평균적으로 *ask posts*는 약10개 , *show posts*는 약 5개 정도의 comments를 받는 것을 알 수 있고, 일반적으로 *ask posts*가 더 많은 comments를 받는다

# Finding the Amount of Ask Posts and Comments by Hour Created

특정시간에 *ask posts*의 comments 숫자를 maximzie 시킬 수 있는지 알아볼 것이다.
먼저, 하루동안 각각의 시간동안 *ask posts* 가 몇개 생성되는지, 그리고 거기에 대한 comments 수는 몇개 달리는지 파악할 것이다. 그 다음에 매 시간에 생성된 *ask posts* 에 대한 평균적인 comments 수를 계산할 것이다


In [12]:
import datetime as dt

result_list = []

for post in ask_posts:
    result_list.append([post[6], int(post[4])]) # 6번재 column: post 생성 날짜 , 4번째 colum: comments 갯수

comments_by_hour = {}
counts_by_hour = {}
date_format = "%m/%d/%Y %H:%M"

for row in result_list:
    date = row[0]
    n_comment = row[1]
    hour = dt.datetime.strptime(date, date_format).strftime("%H")
    
    if hour in counts_by_hour:
        comments_by_hour[hour] += n_comment
        counts_by_hour[hour] += 1
    else:
        comments_by_hour[hour] = n_comment
        counts_by_hour[hour] = 1

In [13]:
comments_by_hour

{'02': 2996,
 '01': 2089,
 '22': 3372,
 '21': 4500,
 '19': 3954,
 '17': 5547,
 '15': 18525,
 '14': 4972,
 '13': 7245,
 '11': 2797,
 '10': 3013,
 '09': 1477,
 '07': 1585,
 '03': 2154,
 '23': 2297,
 '20': 4462,
 '16': 4466,
 '08': 2362,
 '00': 2277,
 '18': 4877,
 '12': 4234,
 '04': 2360,
 '06': 1587,
 '05': 1838}

In [14]:
counts_by_hour

{'02': 269,
 '01': 282,
 '22': 383,
 '21': 518,
 '19': 552,
 '17': 587,
 '15': 646,
 '14': 513,
 '13': 444,
 '11': 312,
 '10': 282,
 '09': 222,
 '07': 226,
 '03': 271,
 '23': 343,
 '20': 510,
 '16': 579,
 '08': 257,
 '00': 301,
 '18': 614,
 '12': 342,
 '04': 243,
 '06': 234,
 '05': 209}

# Calculating the Average Number of Comments for Ask HN Posts by Hour

In [19]:
avg_comments_by_hour = []

for hour in comments_by_hour:
    avg_comments = comments_by_hour[hour] / counts_by_hour[hour]
    avg_comments_by_hour.append([avg_comments, hour])

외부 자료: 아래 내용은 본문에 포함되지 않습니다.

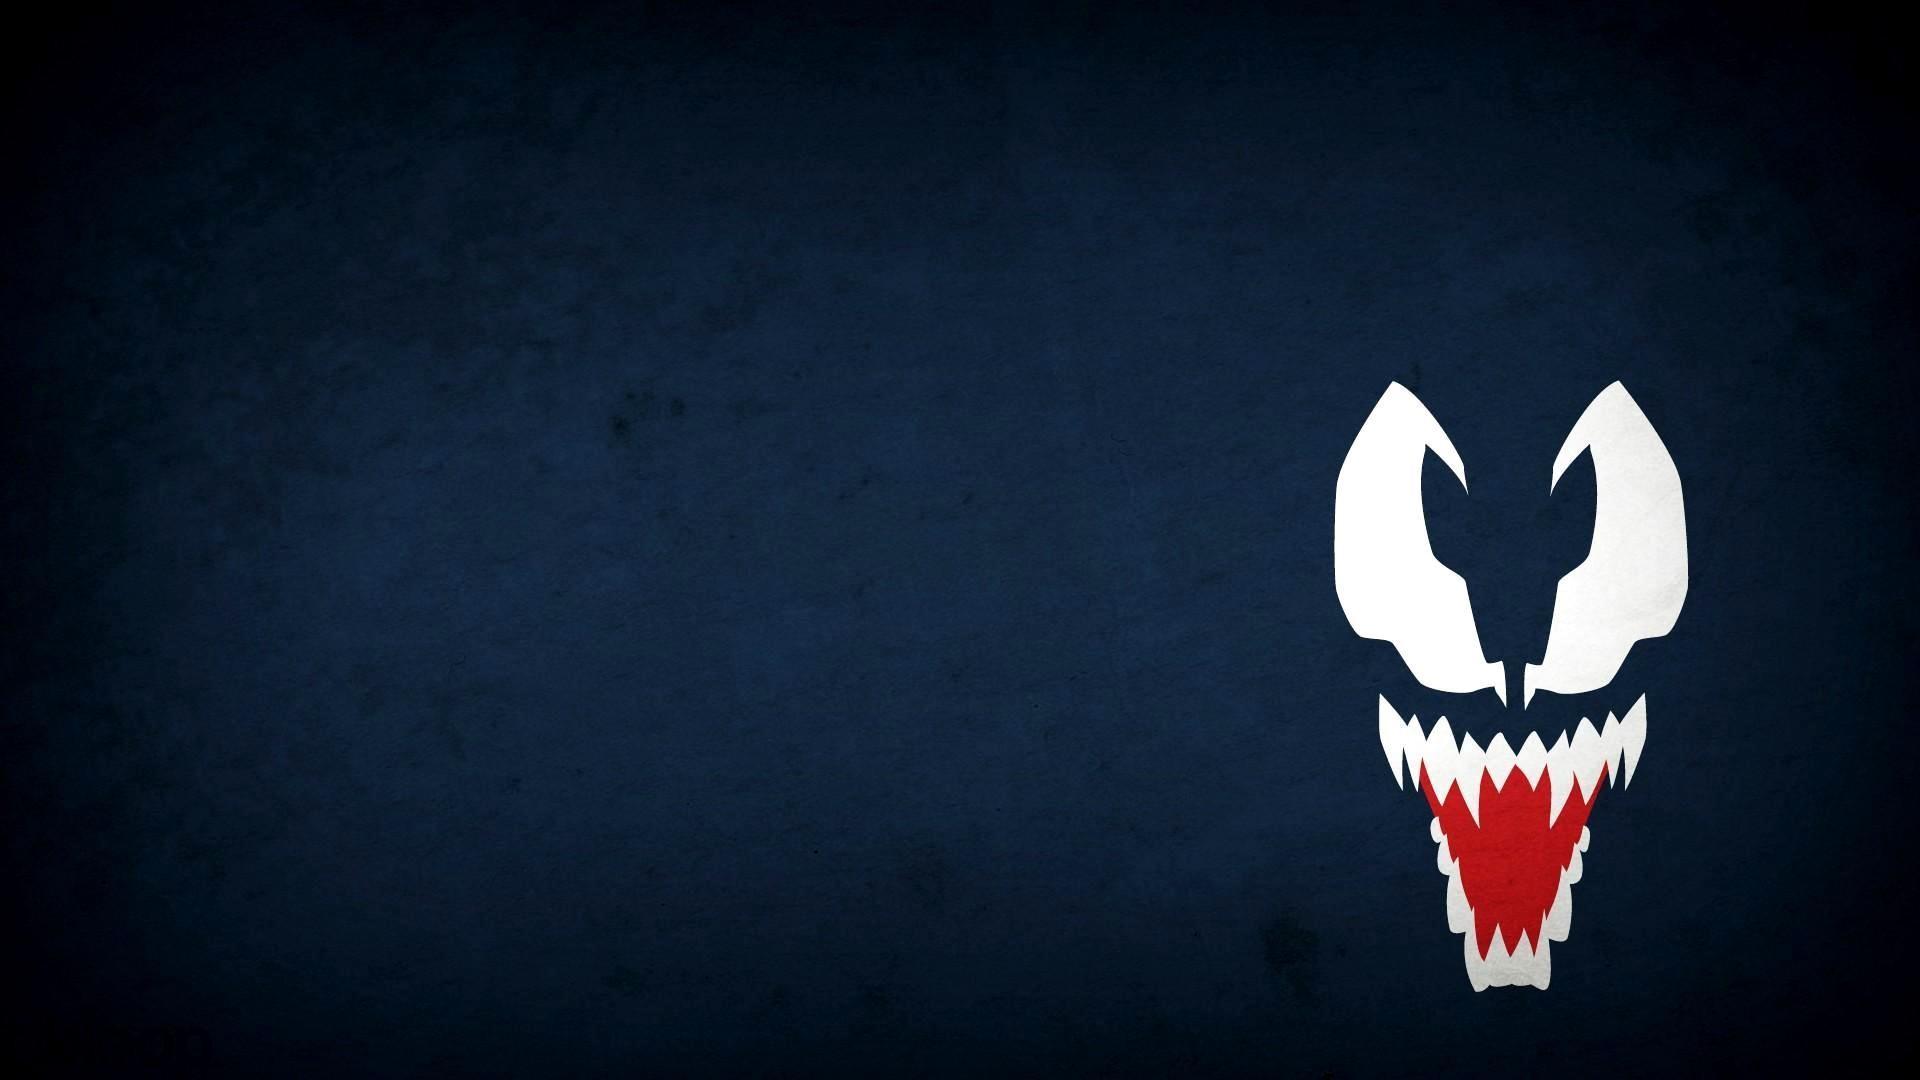 Animals For > Spiderman Venom Logo Wallpaper
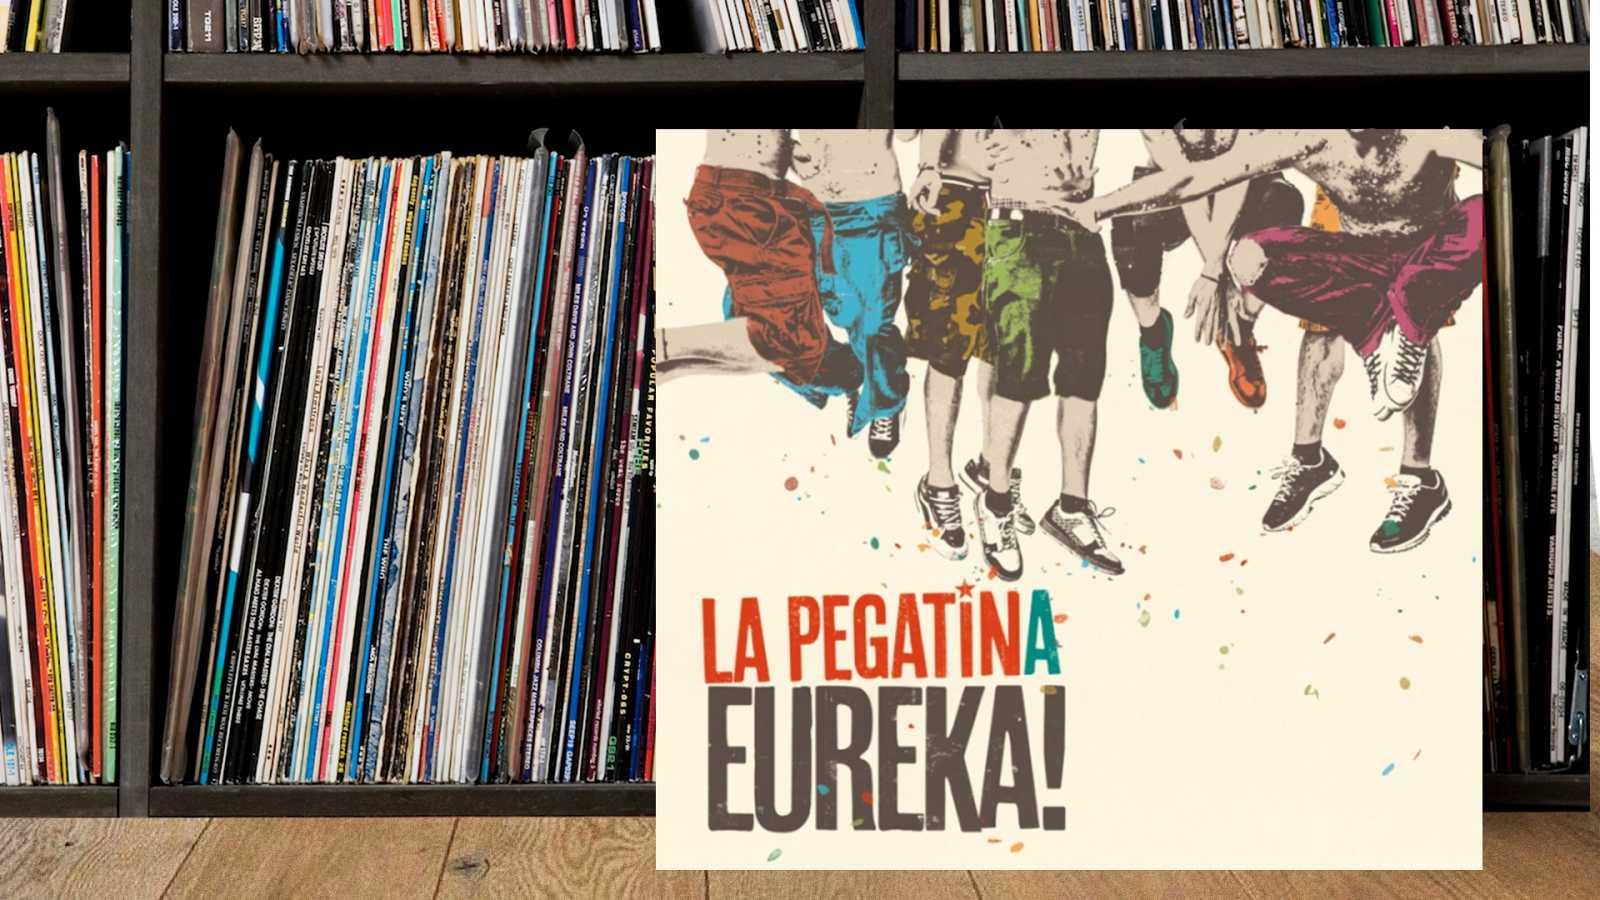 Doce Pulgadas - La Pegatina: Eureka! - 23/09/2021 - Escuchar ahora

sorted_avg_comments_by_hour = sorted(avg_comments_by_hour, reverse = True)
sorted_avg_comments_by_hour

[[28.676470588235293, '15'],
 [16.31756756756757, '13'],
 [12.380116959064328, '12'],
 [11.137546468401487, '02'],
 [10.684397163120567, '10'],
 [9.7119341563786, '04'],
 [9.692007797270955, '14'],
 [9.449744463373083, '17'],
 [9.190661478599221, '08'],
 [8.96474358974359, '11'],
 [8.804177545691905, '22'],
 [8.794258373205741, '05'],
 [8.749019607843136, '20'],
 [8.687258687258687, '21'],
 [7.948339483394834, '03'],
 [7.94299674267101, '18'],
 [7.713298791018998, '16'],
 [7.5647840531561465, '00'],
 [7.407801418439717, '01'],
 [7.163043478260869, '19'],
 [7.013274336283186, '07'],
 [6.782051282051282, '06'],
 [6.696793002915452, '23'],
 [6.653153153153153, '09']]

In [21]:
# 상위 평균 comments 수를 가진 시간 타임 5개 출력

print("Top 5Hours for 'Ask HN' Comments")
for avg_n_comments, hour in sorted_avg_comments_by_hour[:5]:
    print("{} => {:.2f} average comments per post".format(dt.datetime.strptime(hour, "%H").strftime("%H:%M"), avg_n_comments))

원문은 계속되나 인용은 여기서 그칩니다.